Data segment: Begin
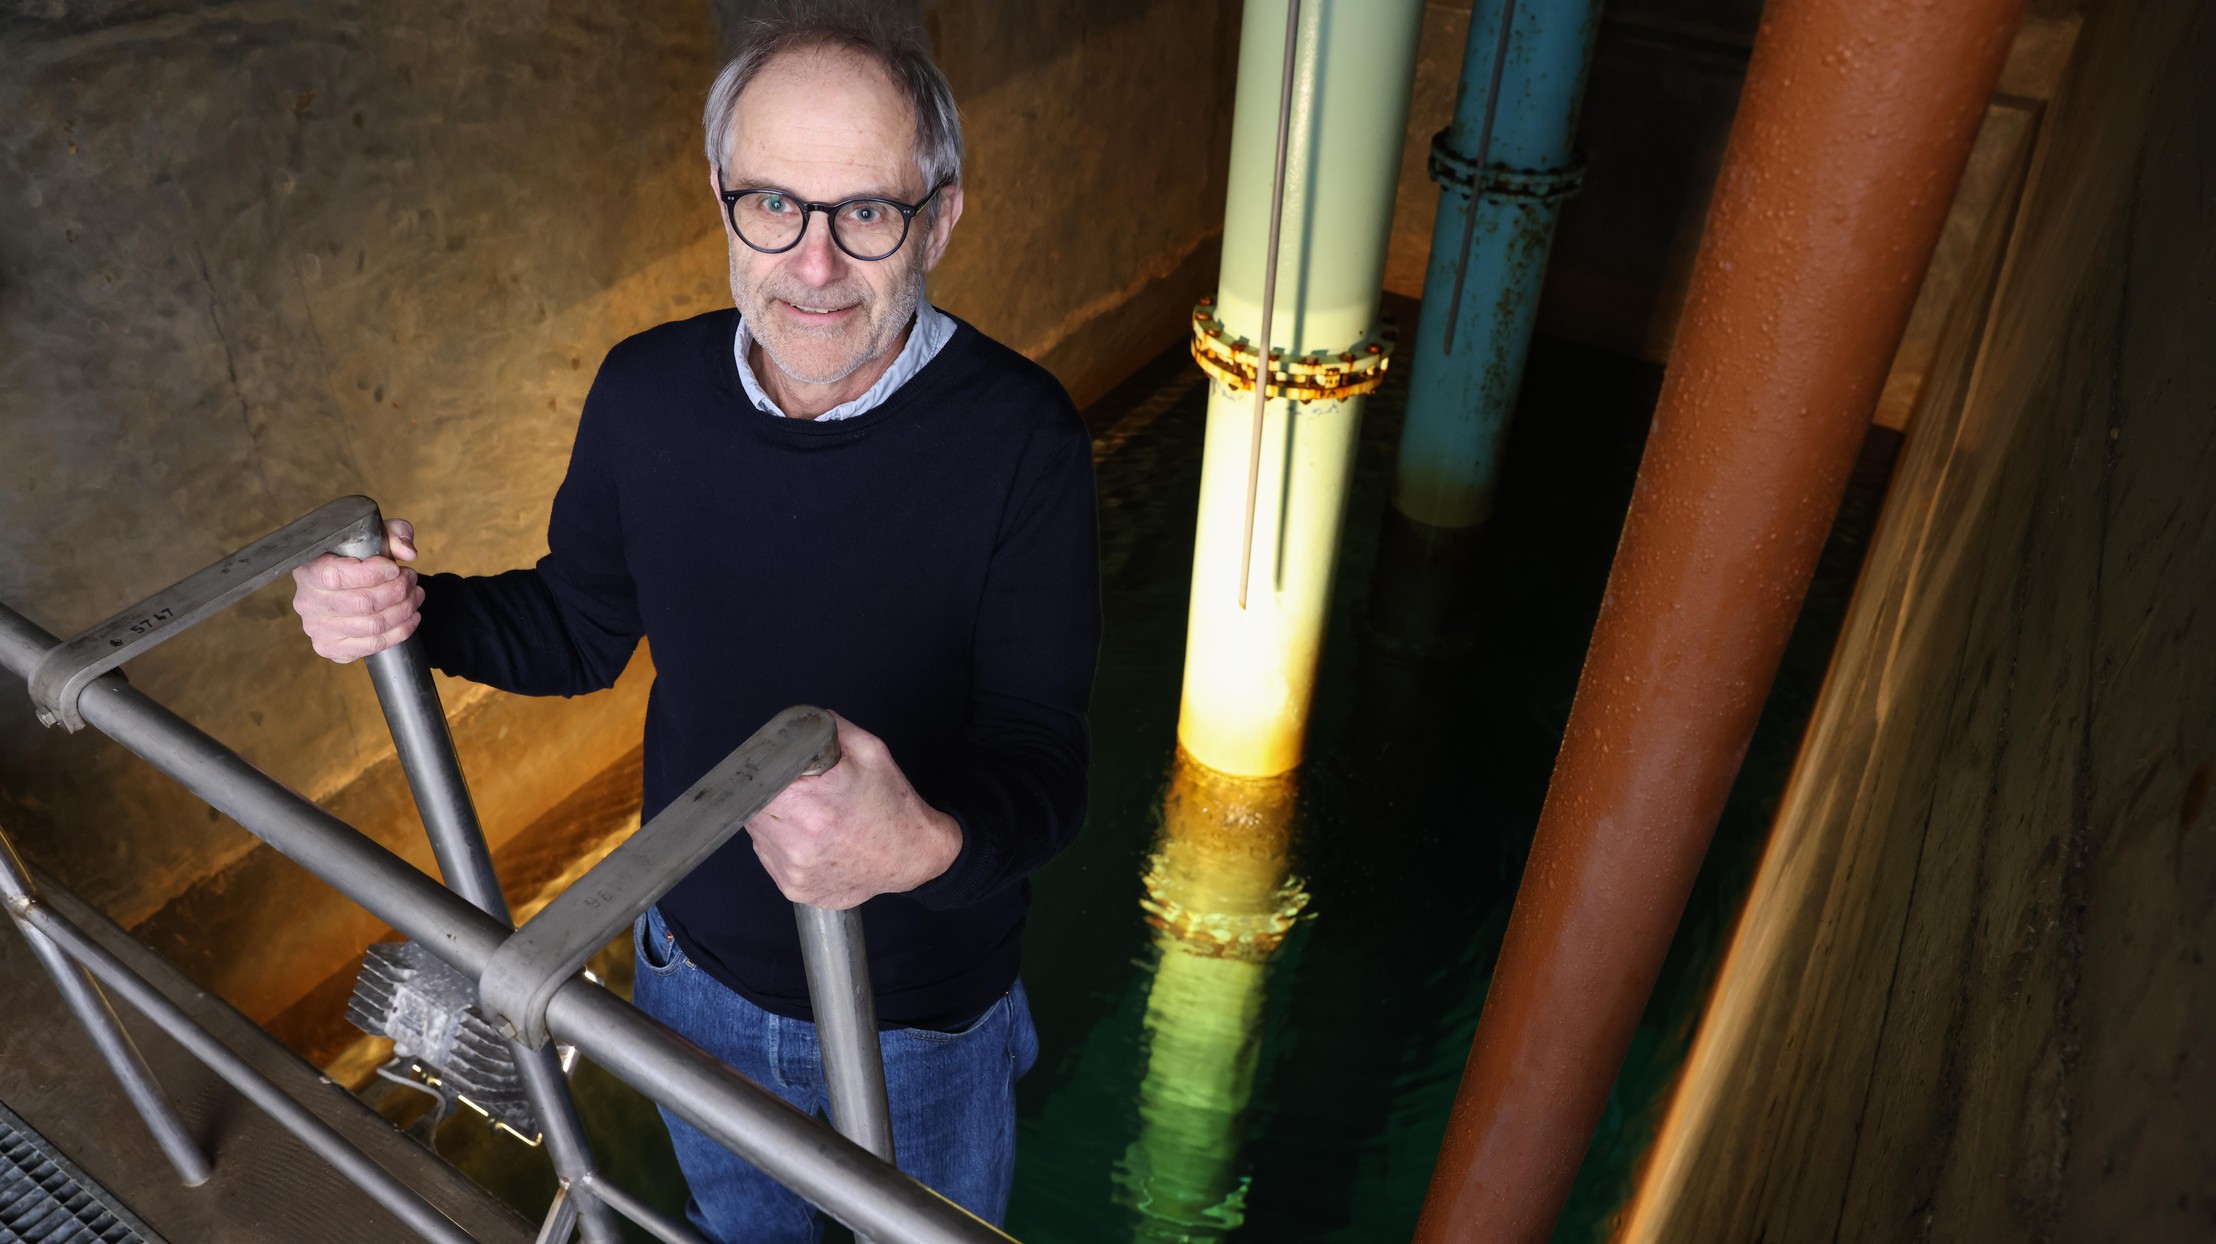 Urs von Gunten, the unsung hero of water treatment
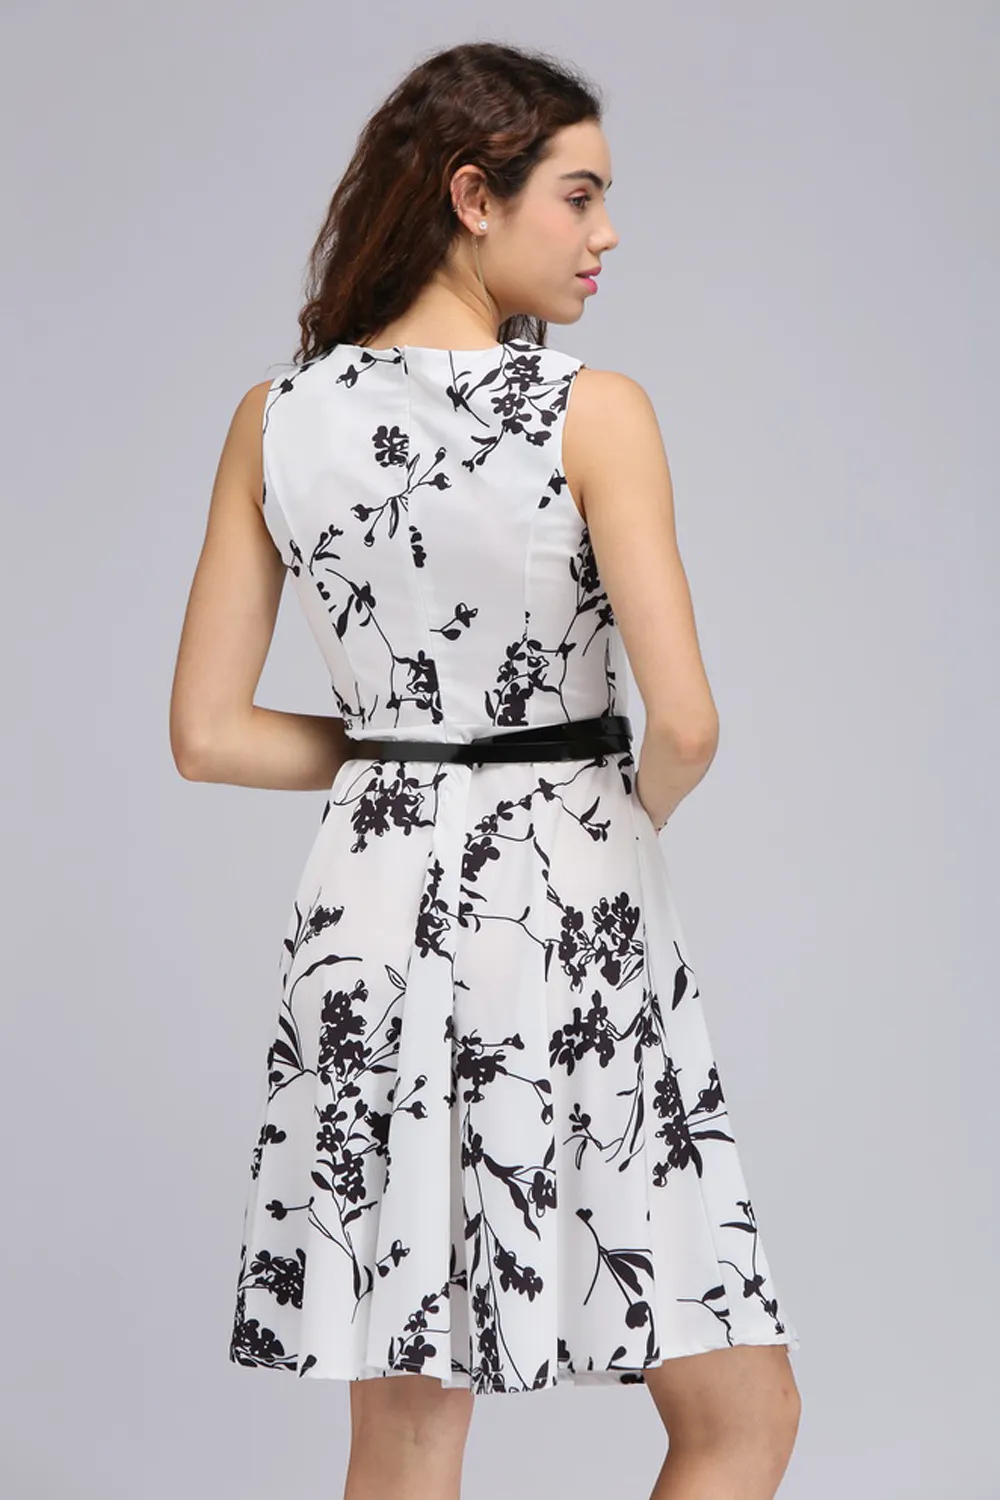 Bläck panting stil vintage klänning 50s 60s retro för kvinnor blommor tryckta korta festklänningar med bälte vestido vintage fs0005
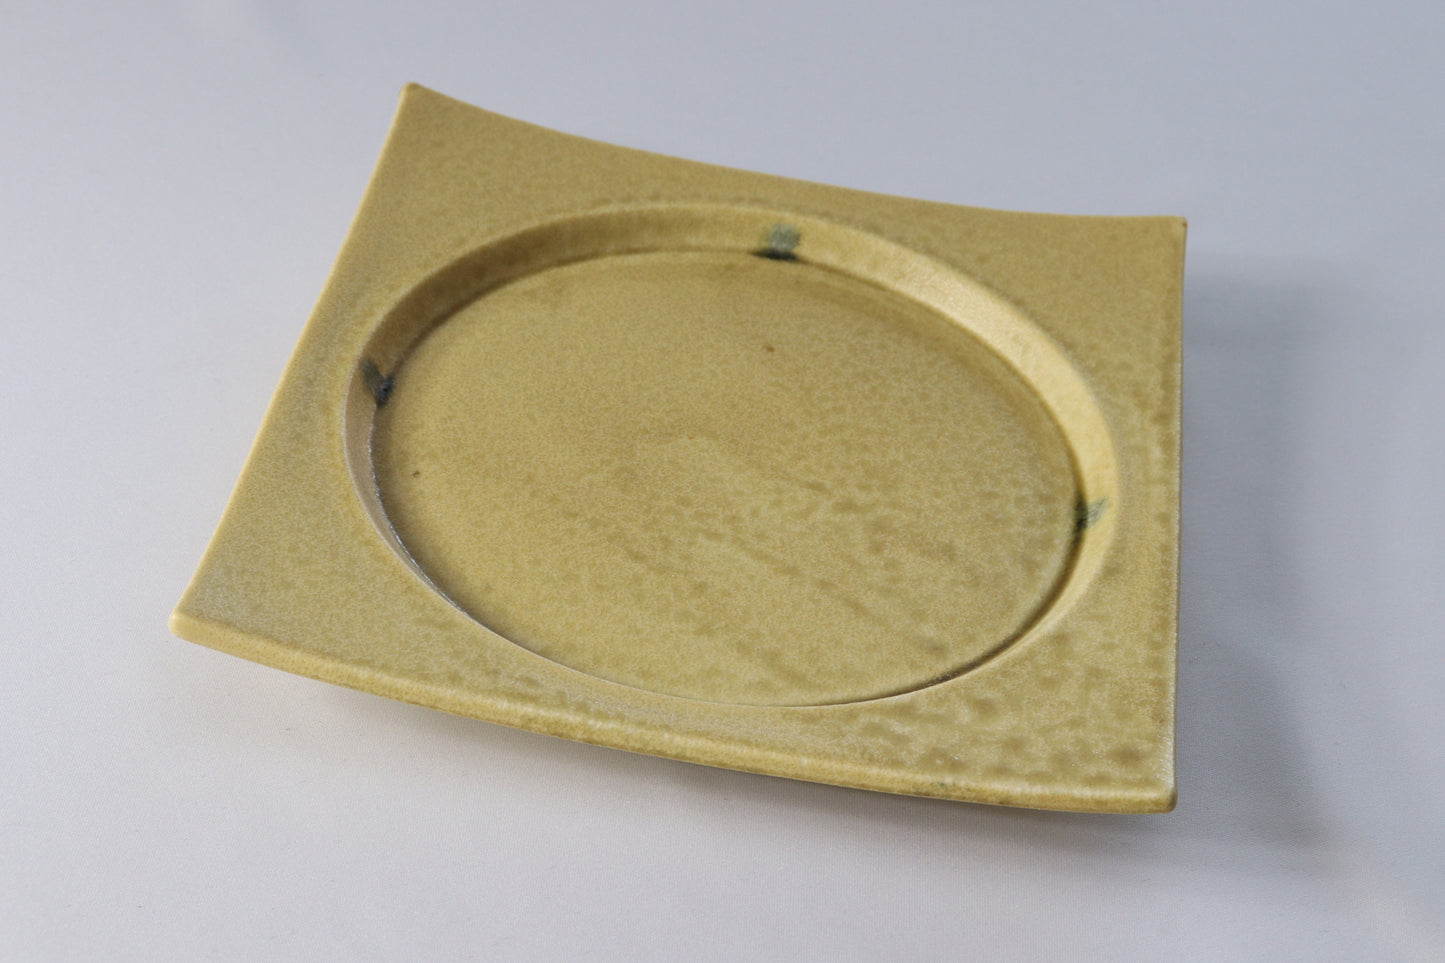 3101-0104　美濃焼　陶器・磁器の両方の良さを兼ね備えたハイブリッドシリーズ
スクエアー6.5寸皿 （19.5×19.5×H2.8）
Data segment: End
_Work instruction_
Only the lines from the line with "3101-0104　美濃焼　陶器・磁器の" to the bottom of the material above should be reproduced, exactly and without pictures.

_Task output_
 3101-0104　美濃焼　陶器・磁器の両方の良さを兼ね備えたハイブリッドシリーズ
スクエアー6.5寸皿 （19.5×19.5×H2.8）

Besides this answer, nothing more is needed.